FilmLA, the film office serving the Los Angeles region, reported growth in on-location film, TV and web production in 2013, but said that it is still far from its peak.
Moreover, the report, which examined on-location filming over a 20 year period, said that a bigger share of recent growth has been in “lower-value” projects, such as reality TV, student films and still photography, 16% over the past five years, and ones that provide fewer and lower-paying jobs than so-called “higher value” productions like TV dramas and major feature films, which have increased just 2% over that period.
“Altogether, approximately 56% of the on-location filming taking place in Los Angeles can be classified as ‘lower value,’ and this figure remains optimistic,” FilmLA said in its report.
Industry boosters and Los Angeles Mayor Eric Garcetti are calling for the state to expand its production incentive program, now capped at $100 million per year, to better compete with other states that have been able to lure network dramas and major feature films from Hollywood.
The FilmLA report highlighted what will be a challenge for industry lobbyists as they try to convince lawmakers of the urgency to expand the program, as the figures show a more complicated picture than a precipitous, year-over-year drop in production. While there are signs of improvement from 2012 to 2013, FilmLA said that production still lags peaks in certain categories. For instance, feature production is 50% below its peak in 1996, and TV drama production is 39% below its 2008 peak.
“I have been using the analogy that we have been in this basement, and we have moved up a step or two to the first floor, but we are nowhere where we used to be,” said Paul Audley, president of FilmLA. He said that other states have essentially been “cherry picking the best stuff away from us,” with the growth confined to “micro-budgeted” projects and direct-to-web productions. His “biggest concern,” he said, is that so many dramas and features are locating in other states that some of the key vendors that service them also are moving there permanent operations there as well.
In a statement, Garcetti said that the report “underscores the urgency of our work to reverse runaway production. The entertainment industry is a cornerstone of our civic identity and our economy, with 500,000 jobs at stake. I will cut red tape at City Hall and fight in Sacramento to make sure L.A. is the best possible place for production and ensure that we are always the entertainment capital of the world.”
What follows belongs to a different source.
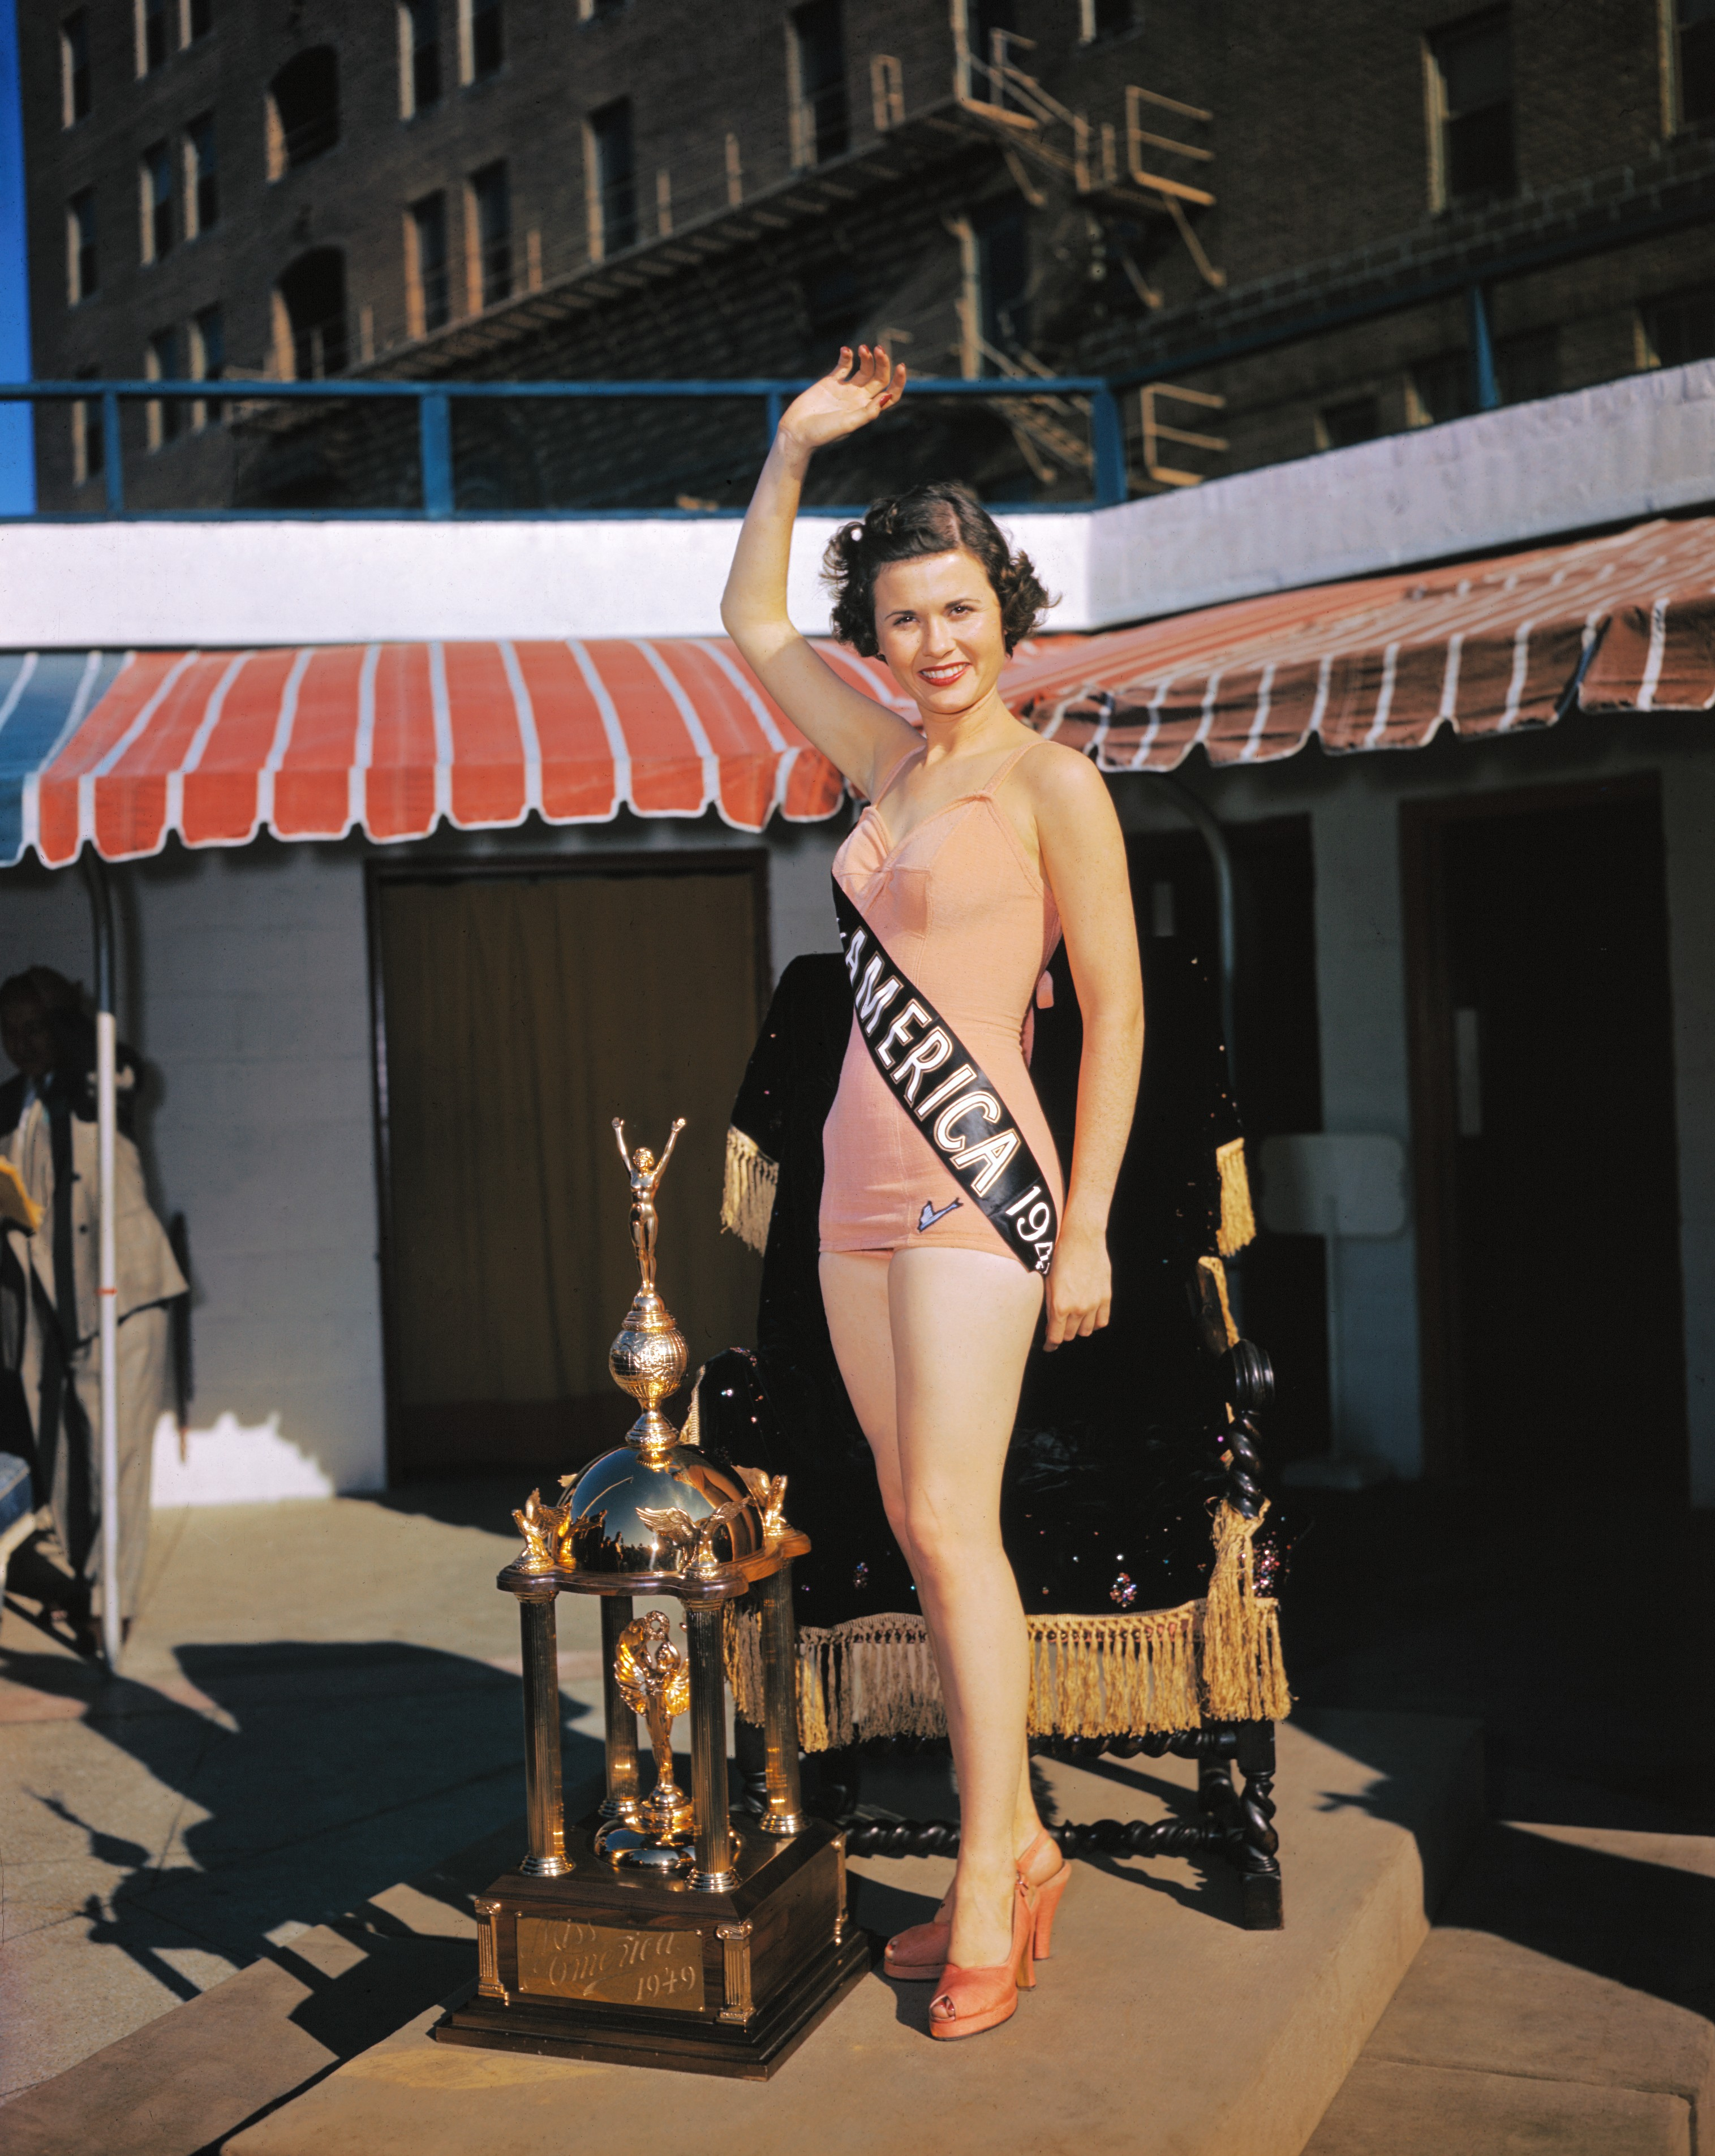 1949: Jacque Mercer from Litchfield, Ariz.

FilmLA also plans an extensive report soon on production among certain categories of feature film production.
The figures from FilmLA, by category:
Features: 6,972 production days, 2013; 5,892 production days, 2012. Peak: 13,980 production days, 1996.
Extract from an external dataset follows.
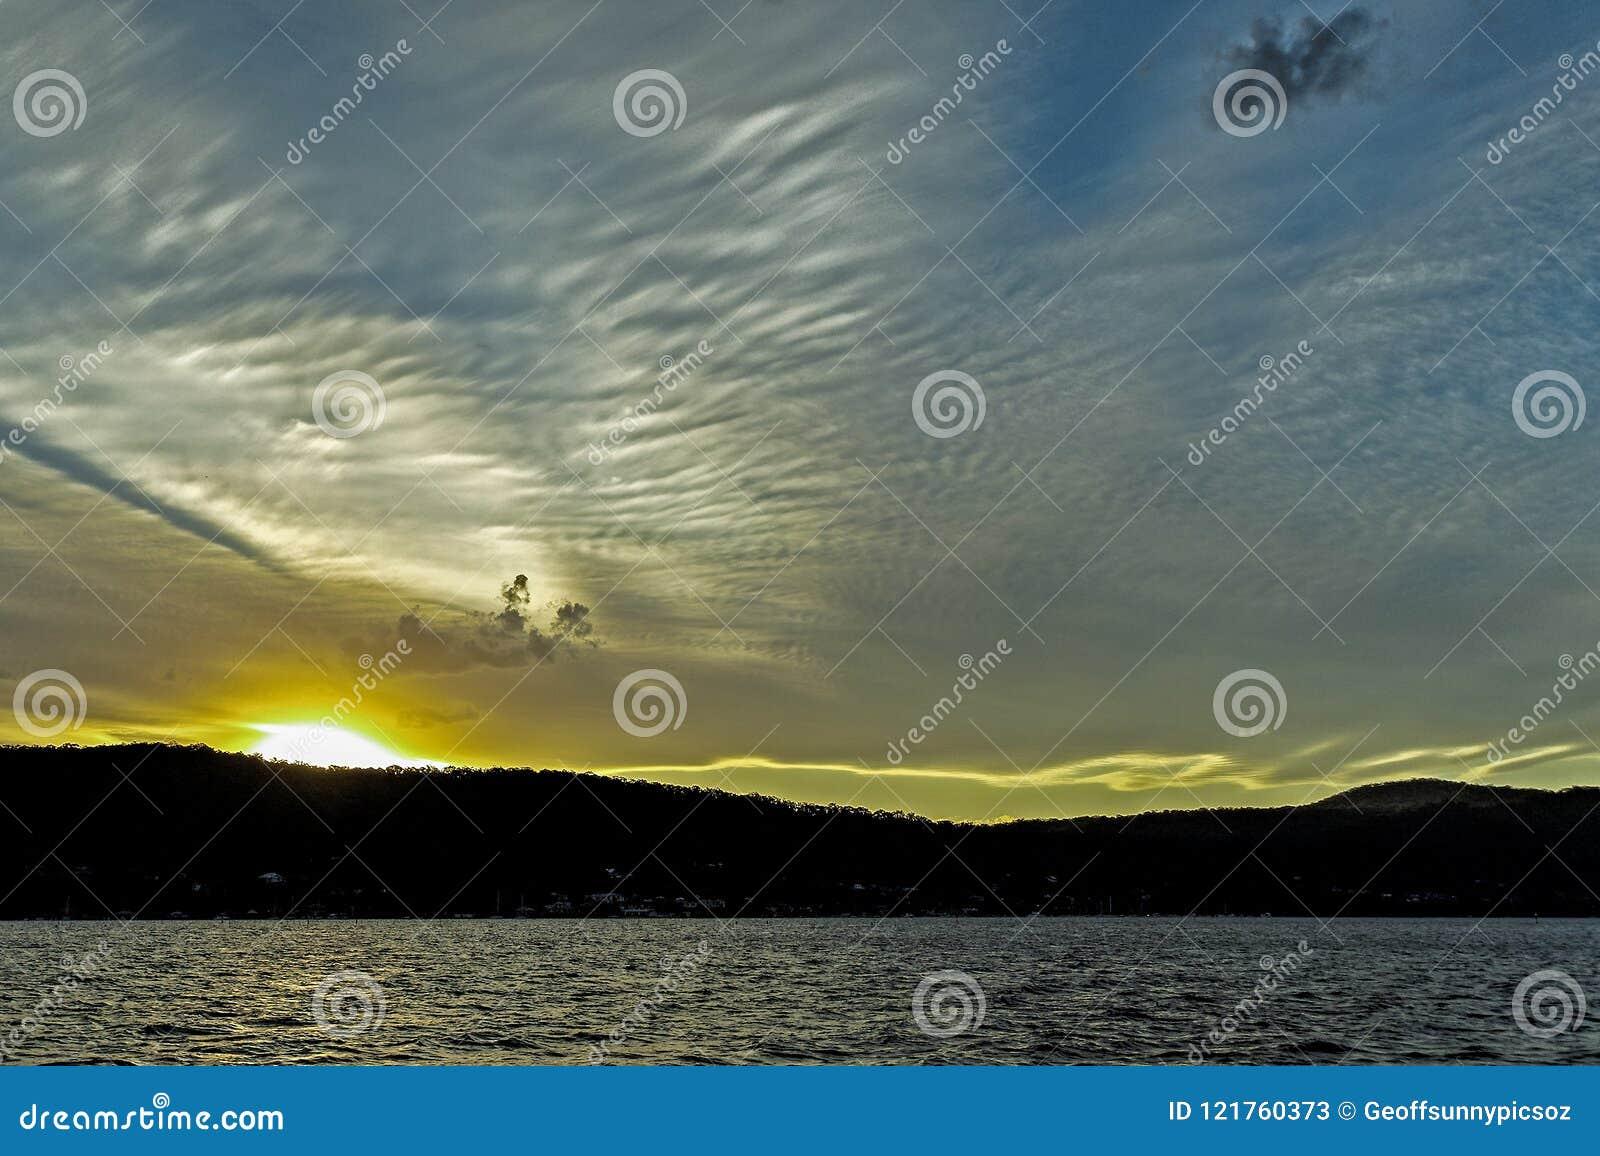 A delightful Cirrus cloud in pale blue sky. Australia.

TV: 18,590 production days, 2013; 16,762 production days, 2012. Peak: 23,315 production days, 2007.
Commercials: 8,453 production days, 2013; 8,078 production days, 2012. Peak: 8,453 production days, 2013.
TV dramas: 4,095 production days, 2013; 3,553 production days, 2012. Peak: 6,736 production days, 2008.
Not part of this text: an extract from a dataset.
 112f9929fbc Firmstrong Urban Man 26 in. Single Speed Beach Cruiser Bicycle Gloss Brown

TV comedies: 2,222 production days, 2013; 2,048 production days, 2012. Peak: 2,222 production days, 2013.
TV pilots: 1,066 production days, 2013; 795 production days, 2012. Peak: 1,599 production days, 2006.
TV reality: 6,605 production days, 2013; 6,358 production days, 2012. Peak: 6,605 production days, 2013.
Web based TV: 1,725 production days, 2013; 1,633 production days, 2012. Peak: 1,725 production days, 2013.